Последовательно исключавший саму возможность неопределенного, тем более двусмысленного «прочтения» нравственного смысла того, что изображает, Шют и здесь называет вещи своими именами. Один из персонажей, допустим, комментирует: «Бывает тупоумие, которое ничем не остановишь. Я хочу сказать, если сразу несколько сотен миллионов человек вообразят, будто их национальное достоинство требует сбросить на соседей кобальтовую бомбу... ну, тут и ты, и я мало что можем сделать. На одно только можно было надеяться— просветить людей, отучить их от тупоумия». Другой выводит из завершающегося катаклизма нелестный для человечества «урок»: «Никакой это не конец света.

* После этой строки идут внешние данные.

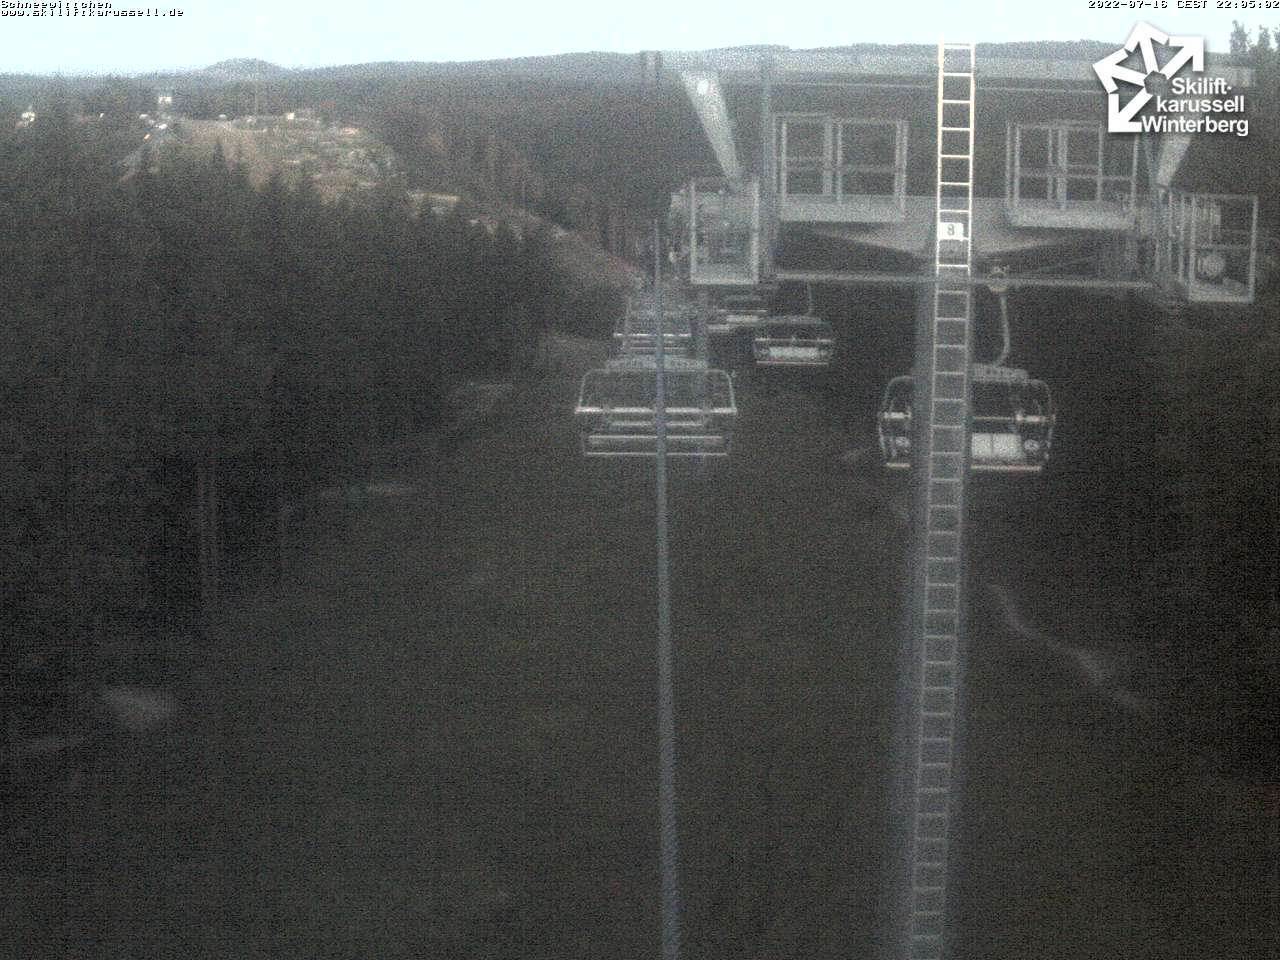 Winterberg Wetter Webcam

Конец только нам. Земля останется такой, как была, только нас на ней не будет. Смею сказать, она прекрасно обойдется без нас... Быть может, мы были слишком глупы и не заслужили такого прекрасного мира». И т. д. По логике вещей, во всем этом нет никакой необходимости: показанное говорит само за себя красноречивее любых пояснений и комментариев к нему. Если такие формулы и имеют смысл, то, видимо, на правах прямого назидания в рамках романа-предупреждения. Правда, все подобные суждения переданы действующим лицам, воспринимаются как их личная эмоциональная реакция на события и поэтому не производят впечатления чего-то неорганичного, чужеродного для поэтики романа.

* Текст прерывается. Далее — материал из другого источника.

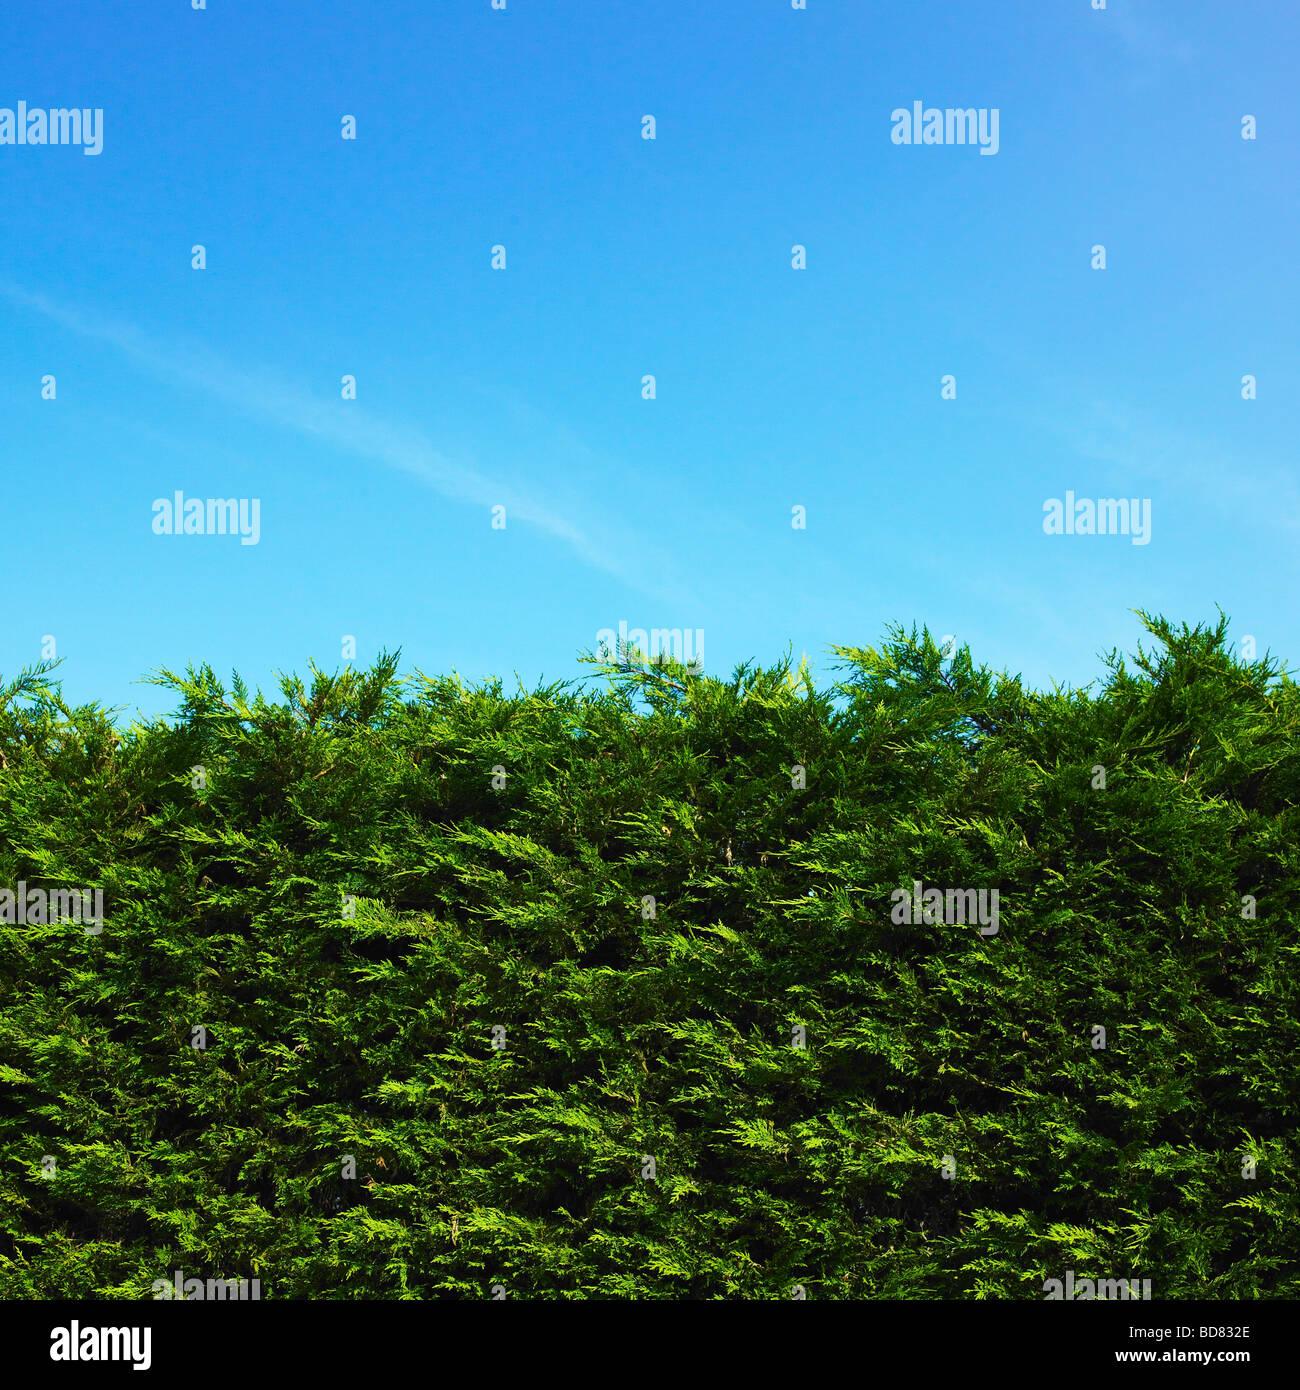 Alta siepe Leylandii e cielo blu. Immagini Stock

Наконец еще одна немаловажная особенность. Гибель человечества дана в романе крупным планом, через описание последних месяцев жизни и ухода в небытие нескольких людей если и не идеальных, то, безусловно, симпатичных, достойных и по-своему прекрасных, потому что в каждом из них персонифицированы простые, исконные и пока единственные в мироздании человеческие .ценности. Исчезновение человека, по Шюту,— это прежде всего исчезновение целой телесно-духовной вселенной, нравственно-интеллектуального космоса. Интуитивная догадка, что это так, и лежит, возможно, в основе странных, на взгляд нормального человека, поступков некоторых действующих лиц — вроде верности сгинувшей в северном полушарии жене. Дух так же противится уничтожению, как и плоть, и так же торопится запечатлеть себя вопреки неминуемому: «Просто я до самого конца хочу поступать, как должно».
В книге о настоящей войне («Крысолов») перед героями маячит надежда на спасение, развязка их судьбы непредсказуема. В книге о войне вымышленной («На берегу») конец однозначно предвидим и неизбежен, выхода нет, надежды тоже. Обозримое будущее представлялось писателю чудовищней всех ужасов пережитого прошлого и длящегося настоящего. Глядя из сегодняшнего дня, можно, разумеется, видеть, что Невил Шют не был свободен от известных иллюзий и стереотипов политического мышления своего времени — читатель их отметит, но проницательности ему было не занимать. Впрочем, малый налет сентиментальности и старомодной чистоты рисунка с течением лет придает его лучшим книгам своеобразное очарование, а уж мастерство рассказчика и честность художника не дают им кануть в забвение. Бестселлеры тем хороши, что их читают многие. Можно надеяться, что романы Шюта будут читать и тогда, когда обе мировые войны, еще больше отдалятся во времени, а ядерное противостояние отойдет в глубокое прошлое: как-никак, люди во всех поколениях любят драматические истории и страшные сказки.